A series of road maps he drew in the early days of the automobile, to illustrate road tours throughout the state, was later issued in book form by The Tribune. A few years ago "Ket" drew a map showing how San Fransisco Bay is shrinking, and it was quickly adopted as a symbol by the Save the Bay Association and is now flown as a pennant by boats taking part in the annual opening of the Bay yachting season.
"Ket" was born in St. Helena; the son of pioneer parents who named him Benjamin Franklin Kettlewell. He graduated from St. Helena High School and as a youth arrived in San Francisco with a shipment of relief supplies after the 1906 earthquake and fire.
Later he lived in that city with his grandfather while attending the old Hopkins Art School on the site of what is now the Mark Hopkins Hotel. He came to work for The Tribune in 1912 and soon became head of the art room, no one is any longer sure exactly when, but the best estimates place it around 1917.
"Ket" combined one of his many hobbies- photography with his art work, taking pictures to illustrate those early auto tours and later (illegible newspaper) with columnist Jack Burroughs on a popular feature called "Your Town." He often put in long hours in The Tribune's photography darkroom, developing and printing pictures he and others had taken.

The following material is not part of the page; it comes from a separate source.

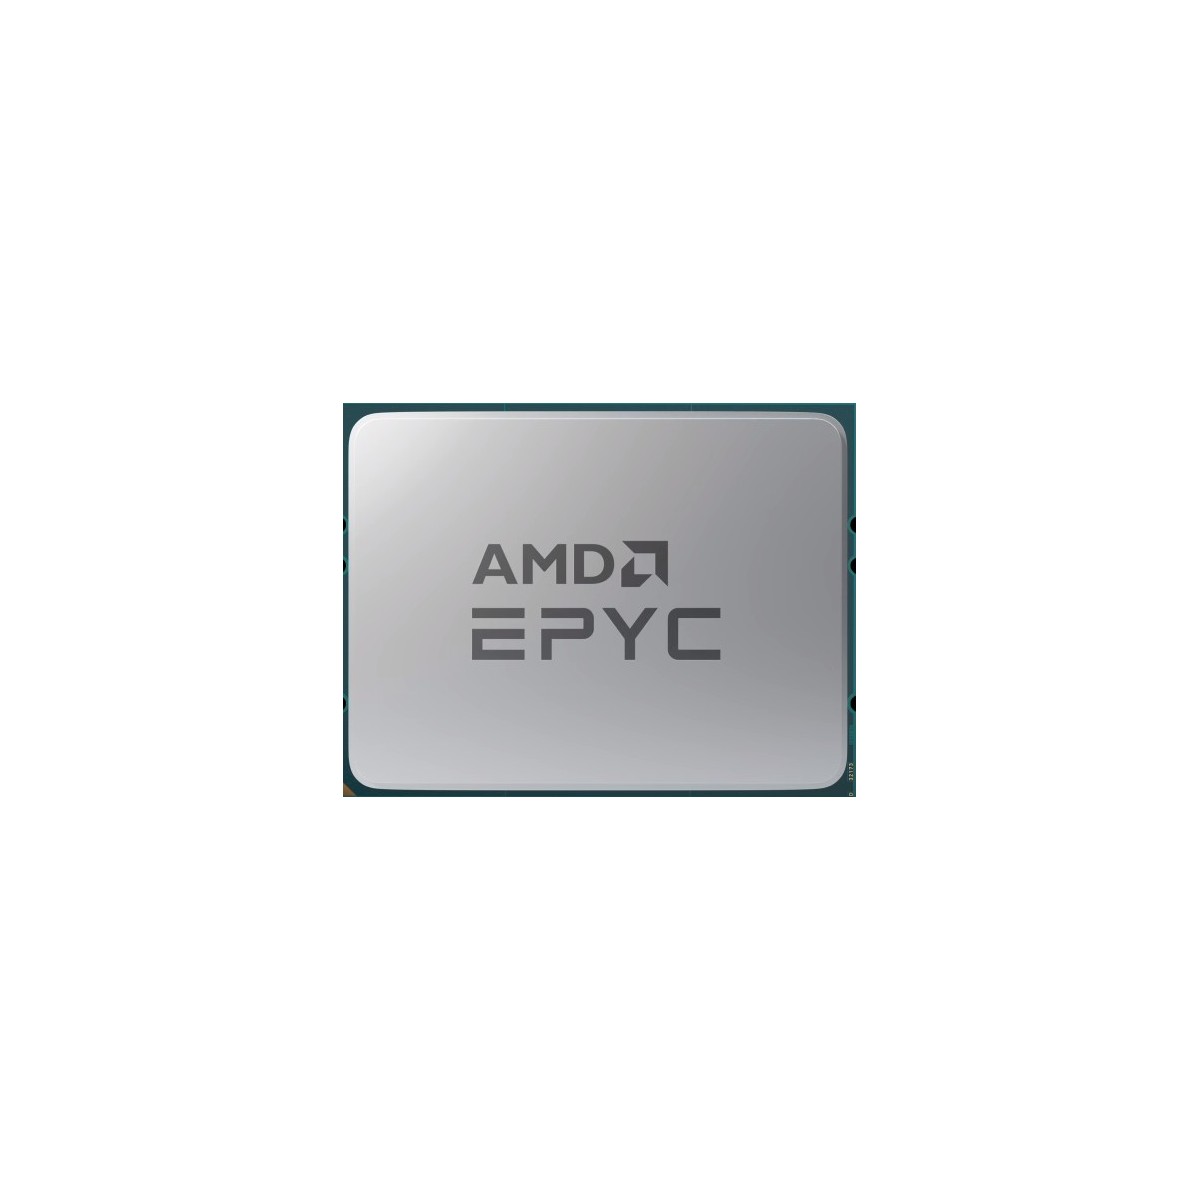 AMD Epyc 9224 Tray

An amateur astronomer of note, "Ket" designed and built several of his own telescopes. He was believed to be a founding member of the East Bay Astronomical Society and for more than 25 years was one of its directors.In 1948 "Ket's" drawing of Sutter's Mill was accepted by the U.S. Post Office Department as the design for a stamp commemorating the discovery of gold in California.
He was a inveterate tinkerer. Often he designed his own tools and one of his last projects was building a gem polisher for a friend. His other hobbies included metalworking, woodworking and stamp collecting."Ket" was a man who couldn't say no, an associate recalls, "Any time someone asked him to do something he'd try it."